August 17, 2010 by admin

One of the big challenges of leadership is that, once you assume it, you are there to be shot at.

It is not necessarily that people want to bring you down.  But they do want to know that ‘the leaders’ know their stuff, that they are credible.  That they are worth following on a journey.  That they deserve the commitment of discretionary time and effort too.  That it will all make a positive difference in the end.

In leadership, you have to earn your followers…

The problem is further compounded if:

  • leaders choose to more or less replicate a leadership process that the last time around didn’t pull up any trees
  • there is even a whiff of a suspicion that this is not a genuine attempt at leadership but a bit of a box-ticking exercise undertaken at the behest of ‘head office’
  • there is no clarity about how a vision, once developed will be used to really engage and mobilise the talent, skills and resources of all stakeholders
  • different opinions, instead of being heard, are simply denied and refuted

When some of these conditions are met, then vision based leadership becomes very, very difficult.  Attempts are likely to be met with, at best, ‘passive aggression’.  And I think that this is the situation facing us in Leeds at the moment with the Leeds Vision 2030 process.  It is a situation that faces many leadership teams.

People are giving up time and money to engage in a leadership process that should be a very high stakes game for the city.  Shaping our international profile, providing a platform for a socially just society, rising to an array of carbon and environmental sustainability challenges and delivering an economy that works, are just a few of the opportunities and challenges that the process needs to address.

This is why I think some people, myself included, were disappointed when we first saw the new ‘Leeds Owl‘  and strapline that have been developed to brand the Vision 2030 exercise.  Personally I think that Phil Kirby’s criticisms are justified.

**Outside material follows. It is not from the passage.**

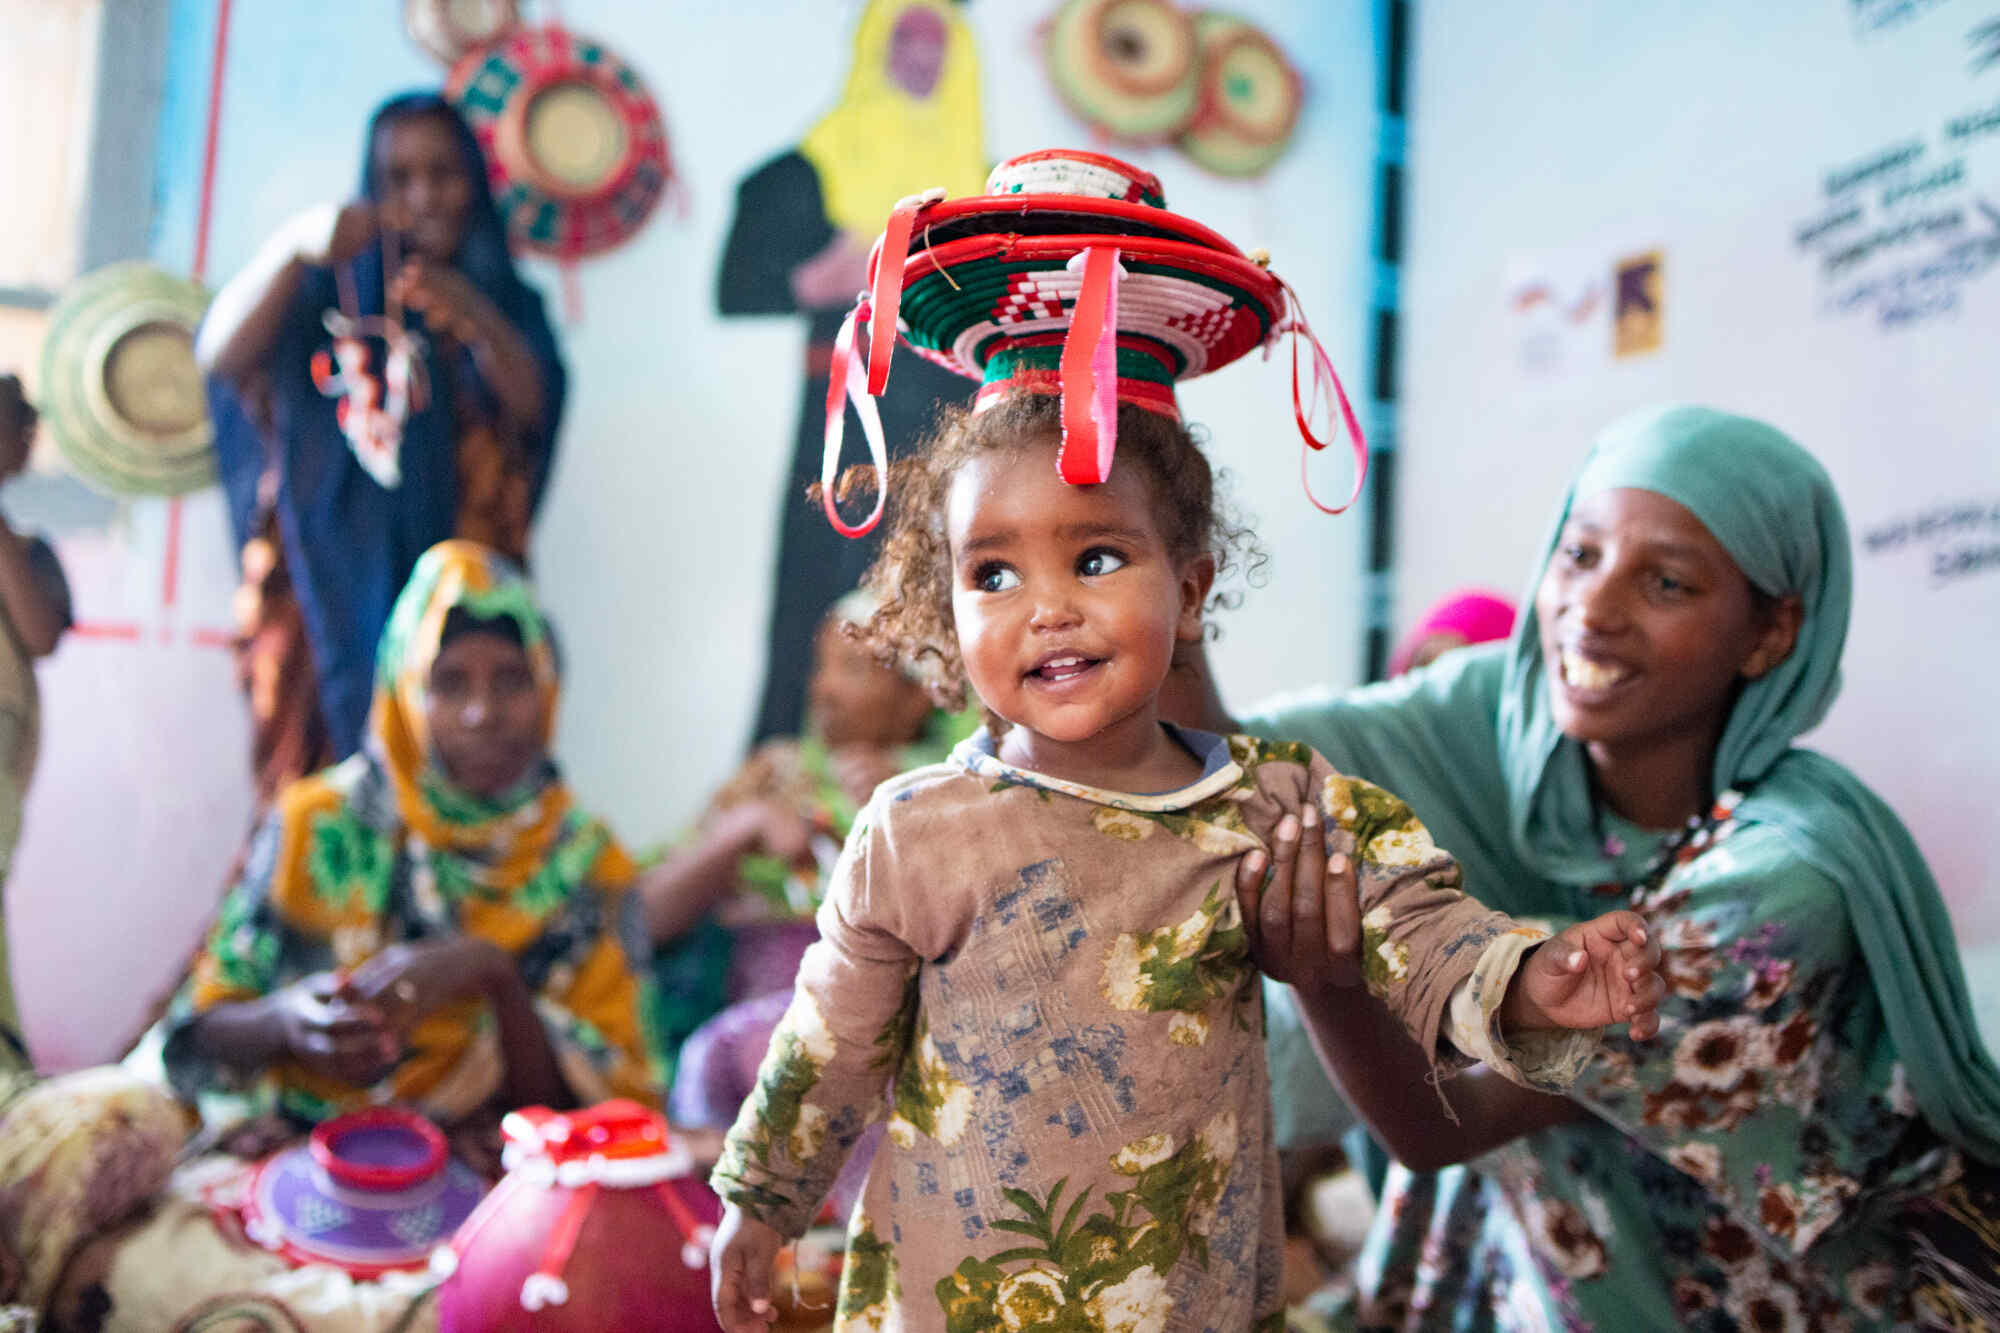 Ein kleines Mädchchen lacht während sie typisch äthiopische Handwerkskunst präsentiert

So too Lee Hickens.  And I have made some observations about the symbolic meaning of the owl. In what is a multi-cultural and international city we should show some sensitivity and awareness of what our city symbol means in parts of Japanese, Hindu and African history.

There are all sorts of things that the council is now doing that I think show signs of progress.  Setting up facebook pages and twitter feeds for example.  Far more council staff seem to be really engaging, online and off, in some of the stuff that is happening in the city.   But these tools are double edged swords.  Reputations take a long time to build online and can be very quickly lost.  They will certainly surface more and more critical responses (let’s face it few of us find the time to write a response that says ‘Great work, keep it up!’) than more traditional and ‘managed’ consultations

[youtube=http://www.youtube.com/watch?v=lhmjnYKlVnM]

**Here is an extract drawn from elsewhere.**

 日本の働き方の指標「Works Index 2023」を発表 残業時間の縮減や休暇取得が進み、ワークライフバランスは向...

But it seems there is still astro-turfing going on.  It can be tricky to sort out the authentic voices.  And web2.0 savvy folks will forgive many things – but bad design and perceptions of inauthenticity are not amongst them!

I believe the ‘What If Leeds…’ logo debate is only partly about the aesthetics and meaning of the brand.

It is, for me at least, much more importantly a signifier of a very important question.  Can we work with Leeds City Council and its mechanisms for exercising leadership in the city, or should this be a DIY job?  We just keep on organising and doing what we can to shape life in the city by doing our own stuff.

Is the council a credible and trustworthy partner for local people already running themselves into the ground doing what they can.  Or will it just sap our time, energy and morale?

Will the engagement continue once the Vision is developed, bound and on the shelf?

Personally I am very optimistic that the appointment of Tom Riordan shows a real willingness to engage and partner more effectively.  But there is a lot to learn on both sides if we are to make this work.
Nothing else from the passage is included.